### WHAT NEEDS TO BE DONE
Print the listing below a second time, exactly, and omit its images.

=== DATASET SECTION ===

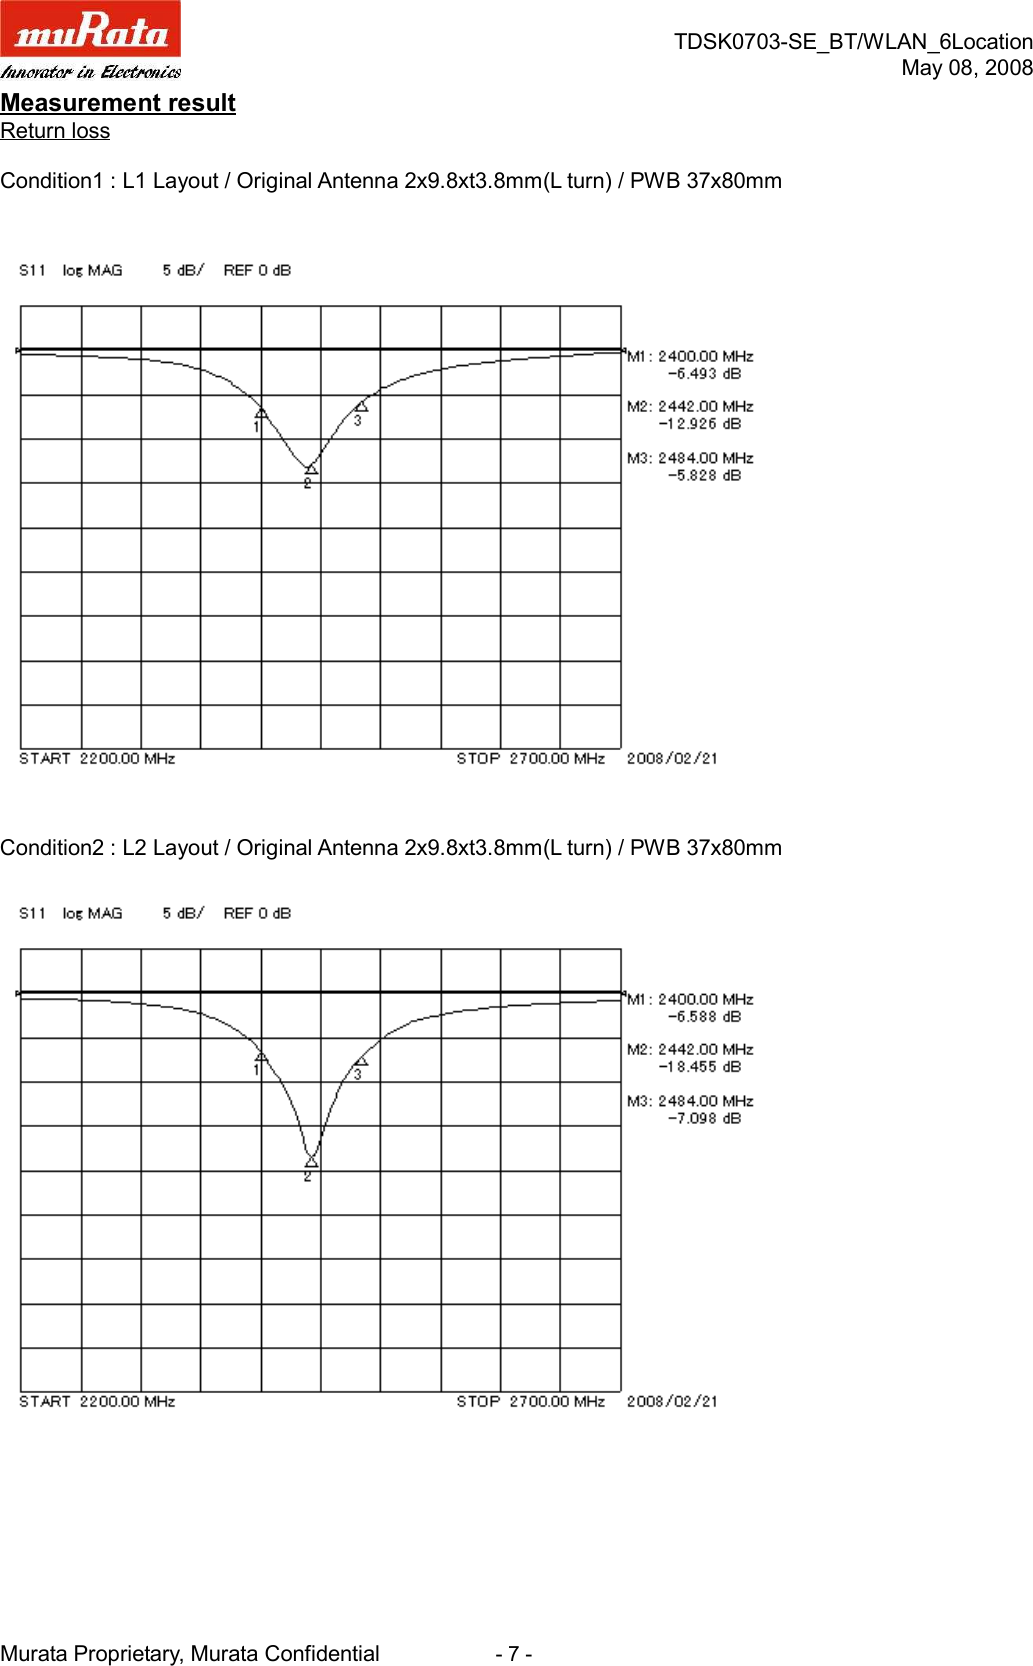 TDSK0703-SE_BT/WLAN_6LocationMay 08, 2008Murata Proprietary, Murata Confidential                      - 7 -Measurement resultReturn lossCondition1 : L1 Layout / Original Antenna 2x9.8xt3.8mm(L turn) / PWB 37x80mmCondition2 : L2 Layout / Original Antenna 2x9.8xt3.8mm(L turn) / PWB 37x80mm
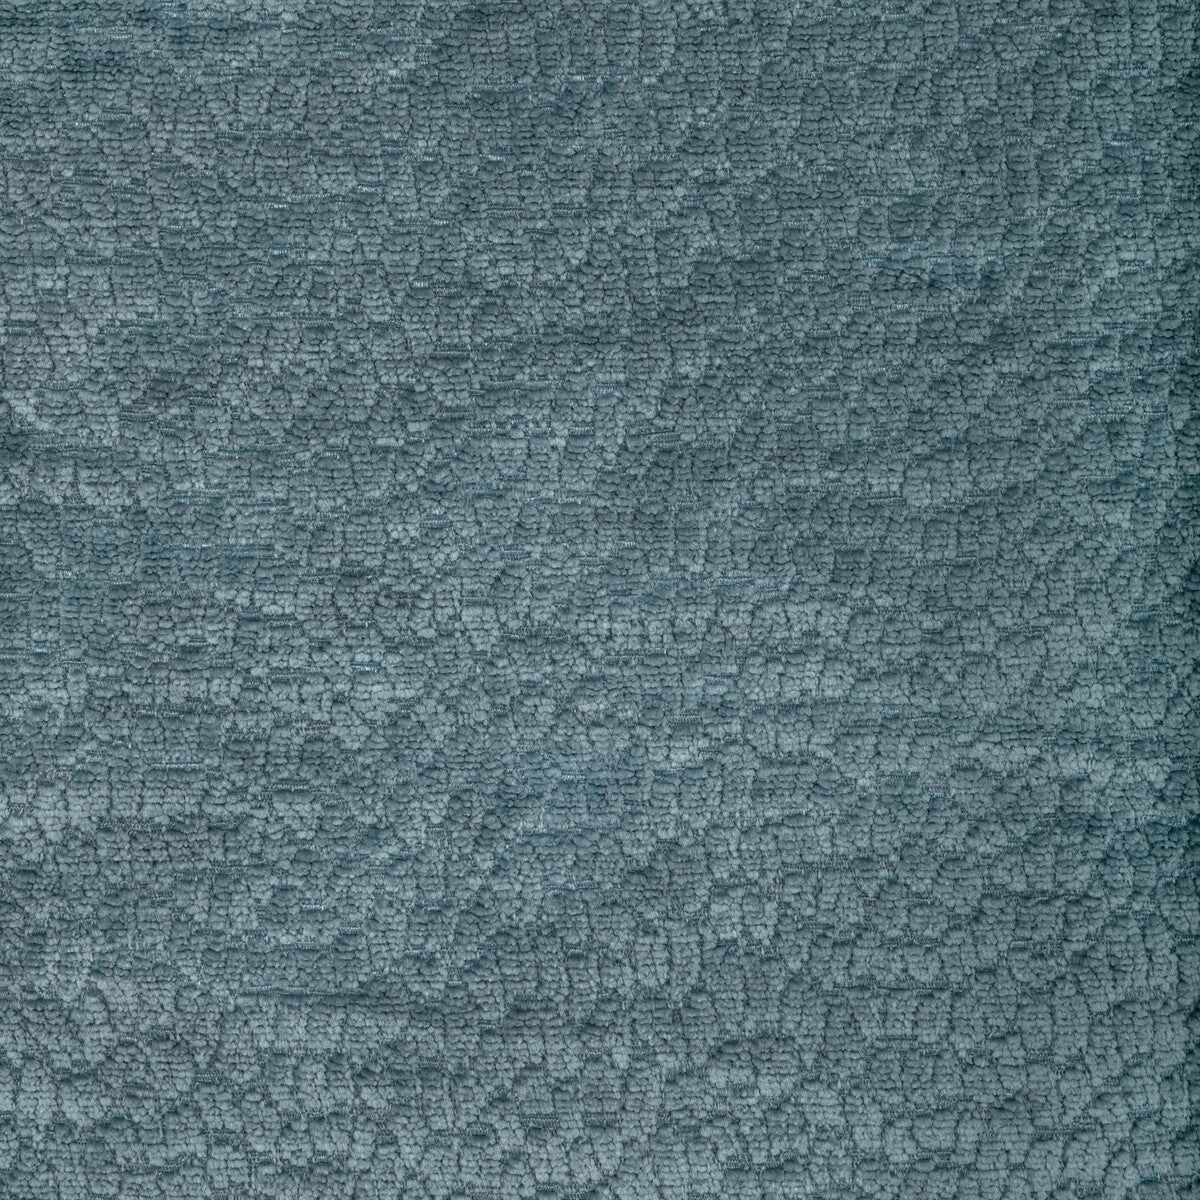 Kravet Smart fabric in 36606-515 color - pattern 36606.515.0 - by Kravet Smart in the Performance Kravetarmor collection
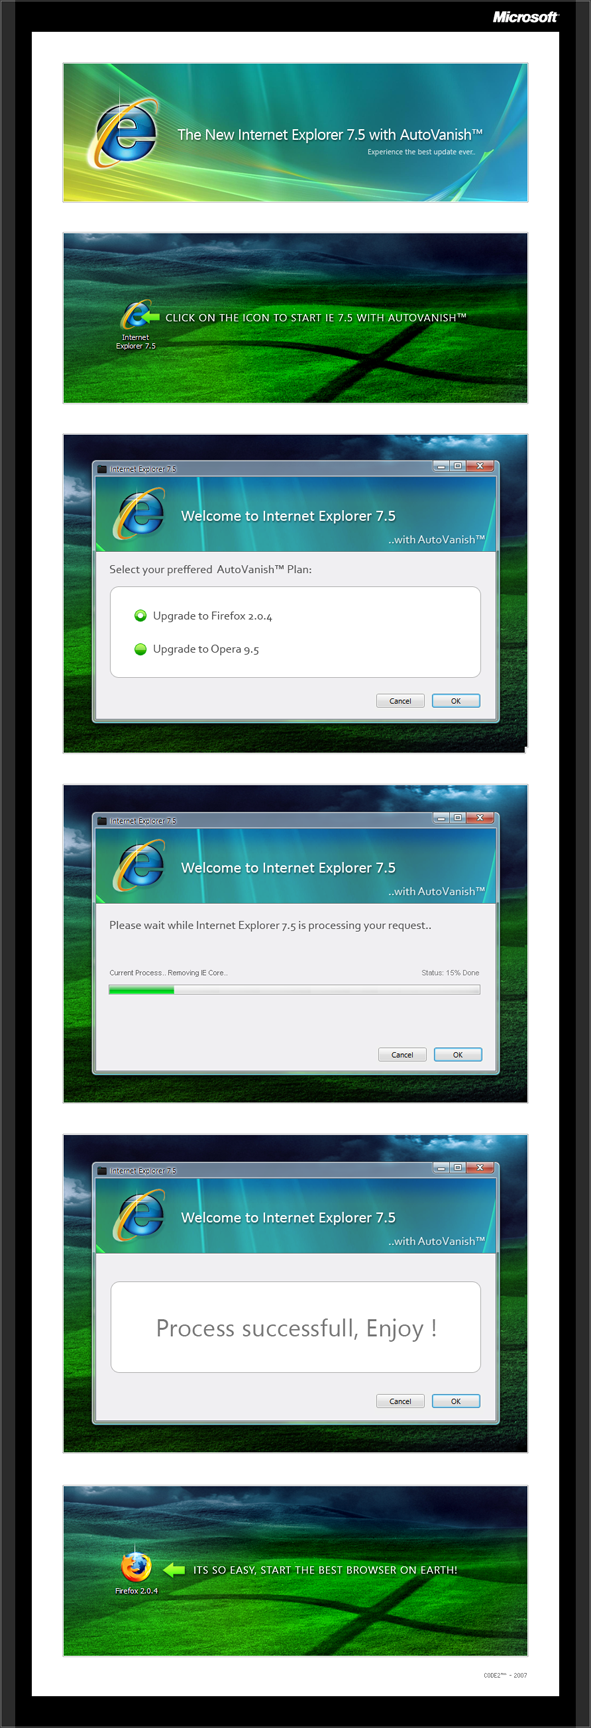 Internet Explorer 7.5 with AutoVanish (Picture)

===

### ANSWER TO THIS EXERCISE
 TDSK0703-SE_BT/WLAN_6LocationMay 08, 2008Murata Proprietary, Murata Confidential                      - 7 -Measurement resultReturn lossCondition1 : L1 Layout / Original Antenna 2x9.8xt3.8mm(L turn) / PWB 37x80mmCondition2 : L2 Layout / Original Antenna 2x9.8xt3.8mm(L turn) / PWB 37x80mm
 Kravet Smart fabric in 36606-515 color - pattern 36606.515.0 - by Kravet Smart in the Performance Kravetarmor collection
 Internet Explorer 7.5 with AutoVanish (Picture)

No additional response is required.